I assume you're talking about implementing your own spin locks?

LIB$BBSSI works the same on all architectures, but the underlying instructions are different.

Performance gains or losses depend on contention. If you have very little contention, and short critical regions, that is most requests for the lock are granted immediately, and locks are only held for a short time, then the performance of spinlocks can be exceptionally fast. But, if you have high levels of contention, and/or long critical regions, then performance can be terrible, with waiting processes burning CPU. As more processes join the mix, the worse things get.

It's impossible to give you a simple number as it's entirely dependent on load and contention.

Gotchas?

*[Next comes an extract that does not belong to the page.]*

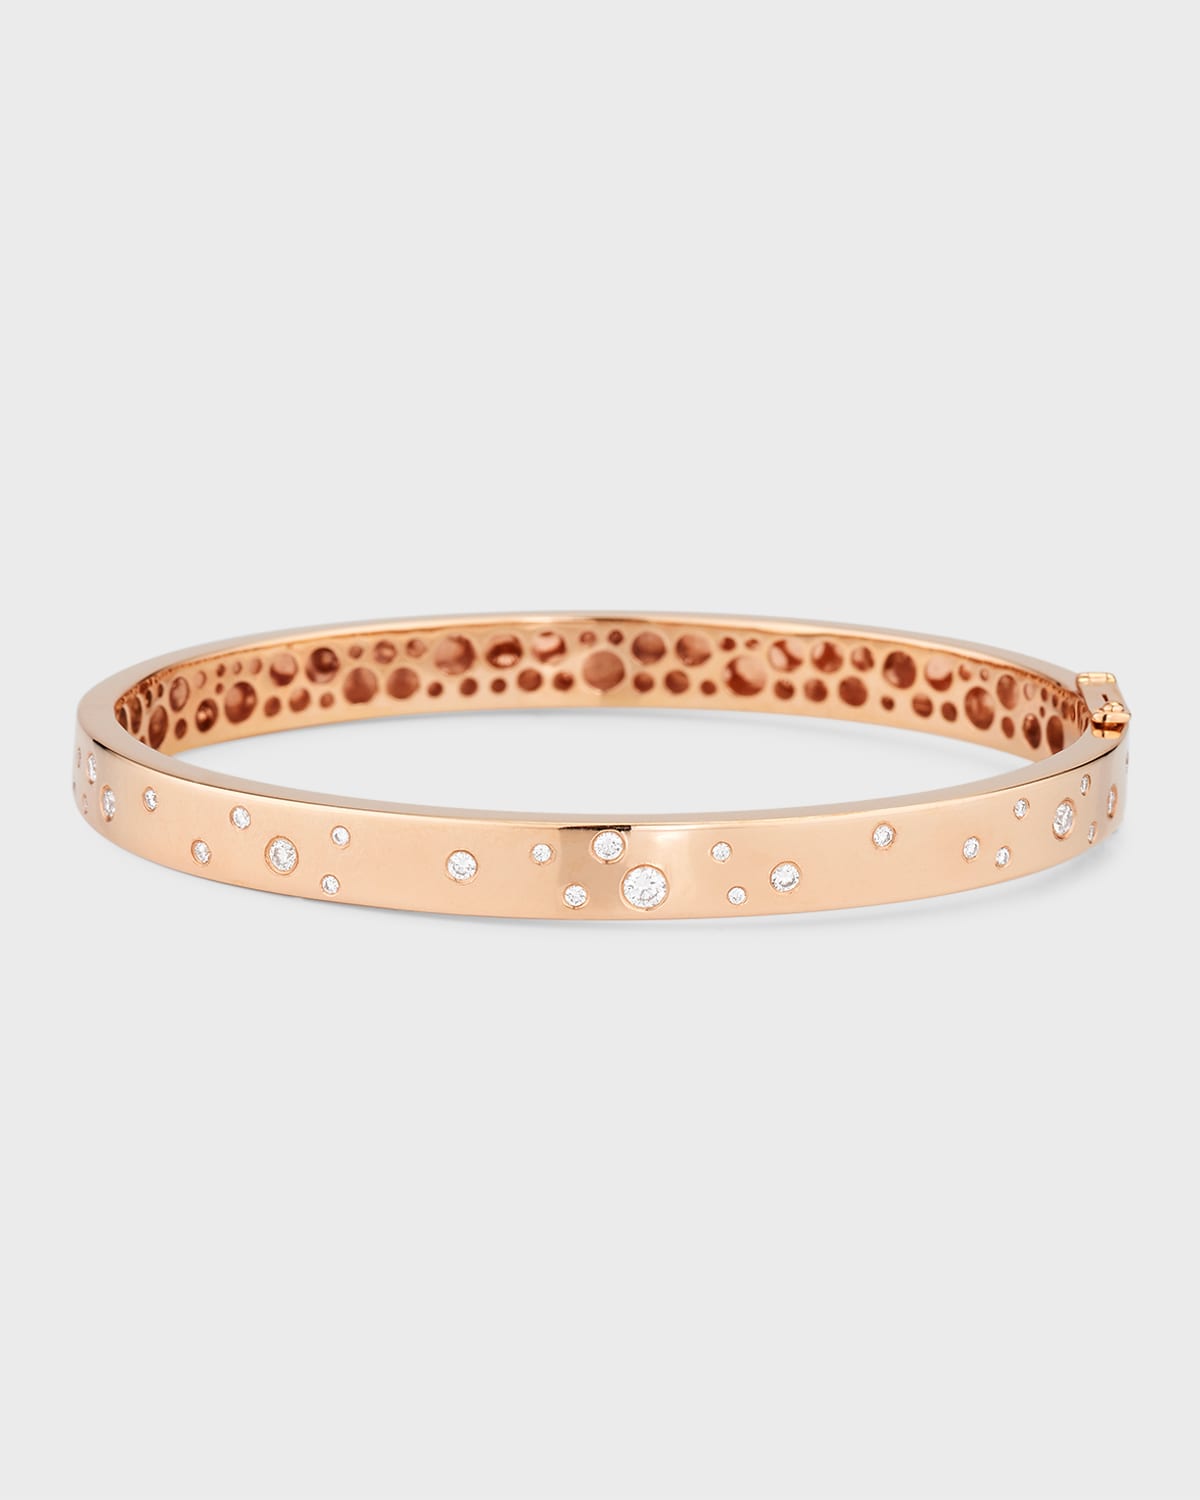 18k Gold Constellation Bangle Bracelet with Diamonds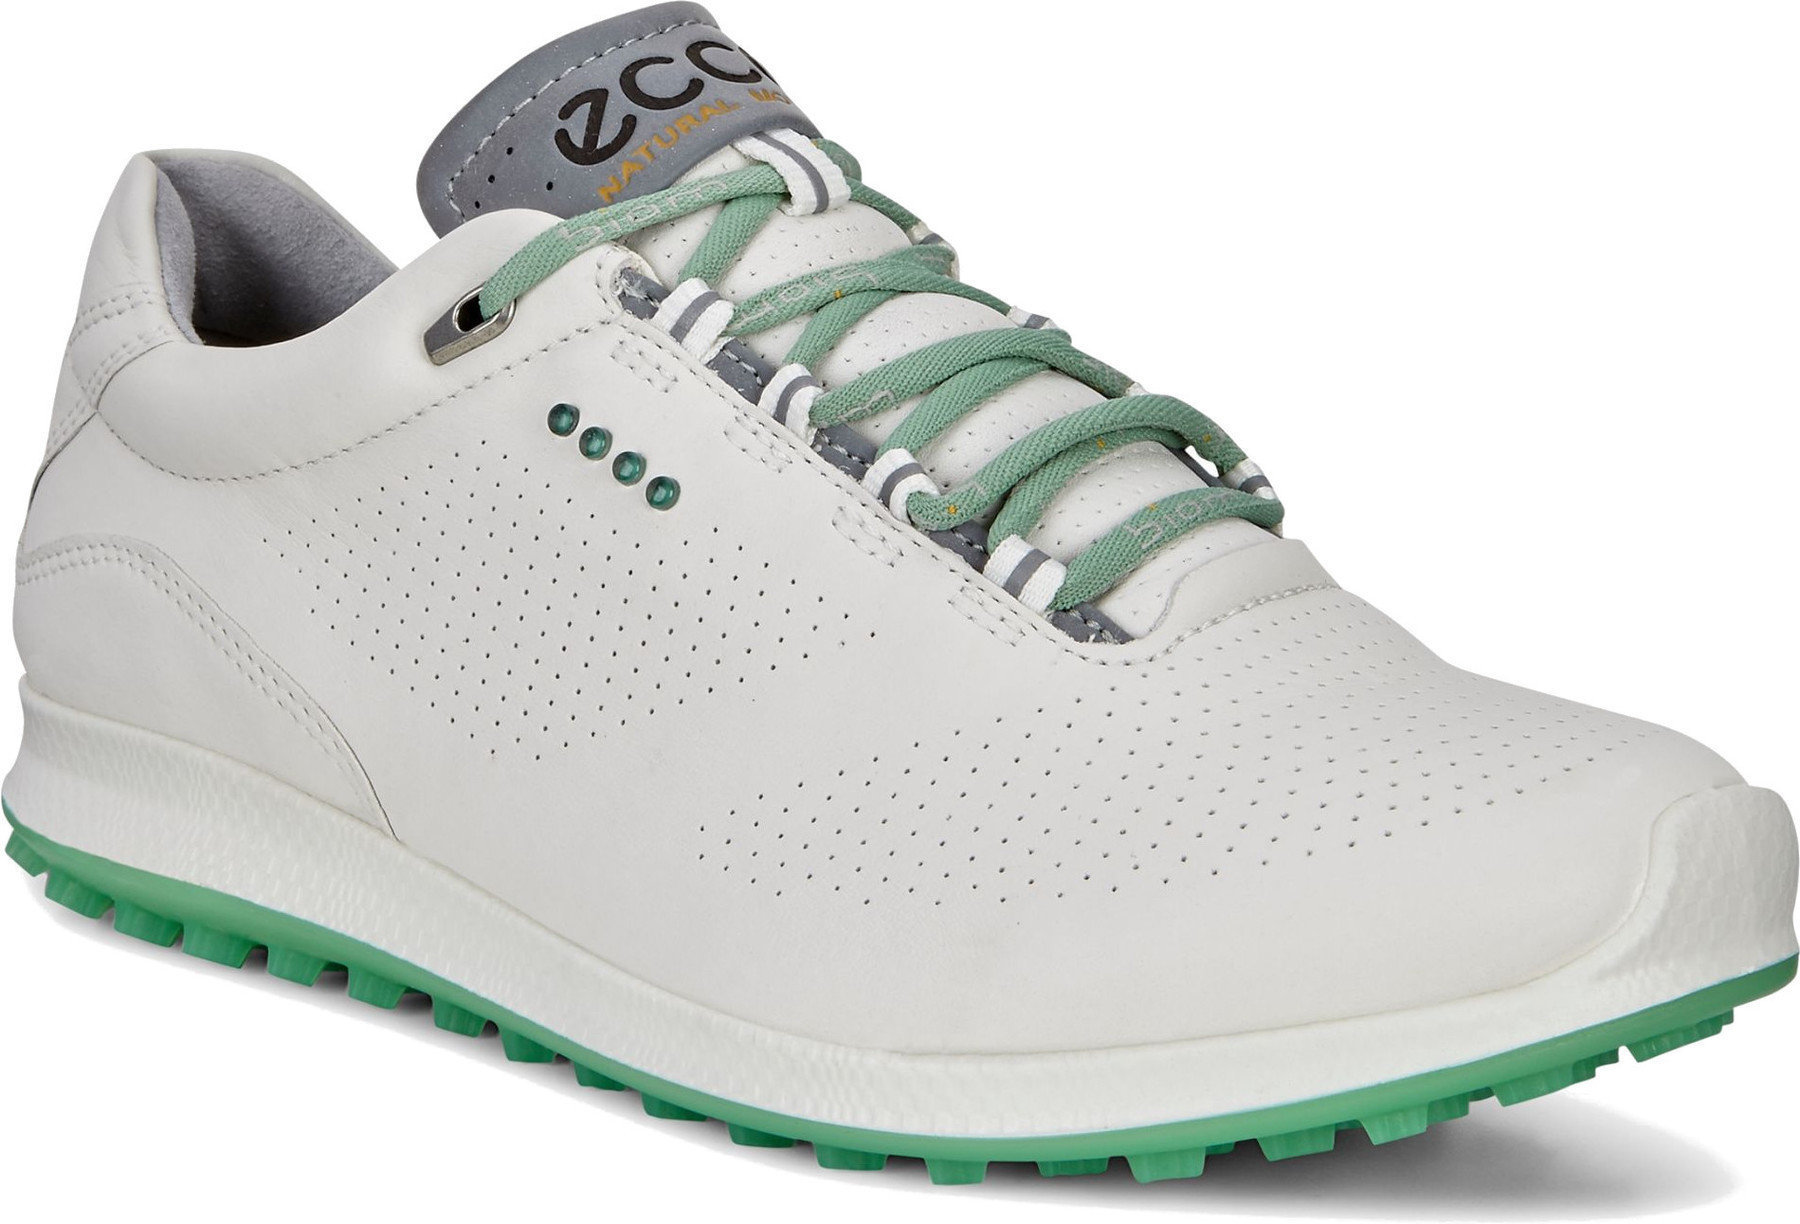 Chaussures de golf pour femmes Ecco Biom Hybrid 2 Chaussures de Golf Femmes White/Granite Green 38

There are lots and lots of them. Just looking at one - priority equalisation. Spinlocks don't work well with processes at different priorities. On uniprocessors this is fatal, as a higher priority requesting process will starve out a lower priority process holding the lock. Deadlock and dead system. On multiprocessors this isn't necessarily fatal, unless you get a low priority process holding the lock and N higher priority processes requesting it (where N is the number of available processors), but you can still end up with strange behaviour.

To work around this you should equalise priorities while requesting the lock, so there's your first overhead. Two calls to $SETPRI for each lock request. If you decide to skip this, assuming all your processes will always be at the same priority, you'd better make sure it's clearly and LOUDLY documented, or someone somewhere down the track will start a batch job at priority 3 and everything will break!

NUMA can also do odd things, causing asymmetries.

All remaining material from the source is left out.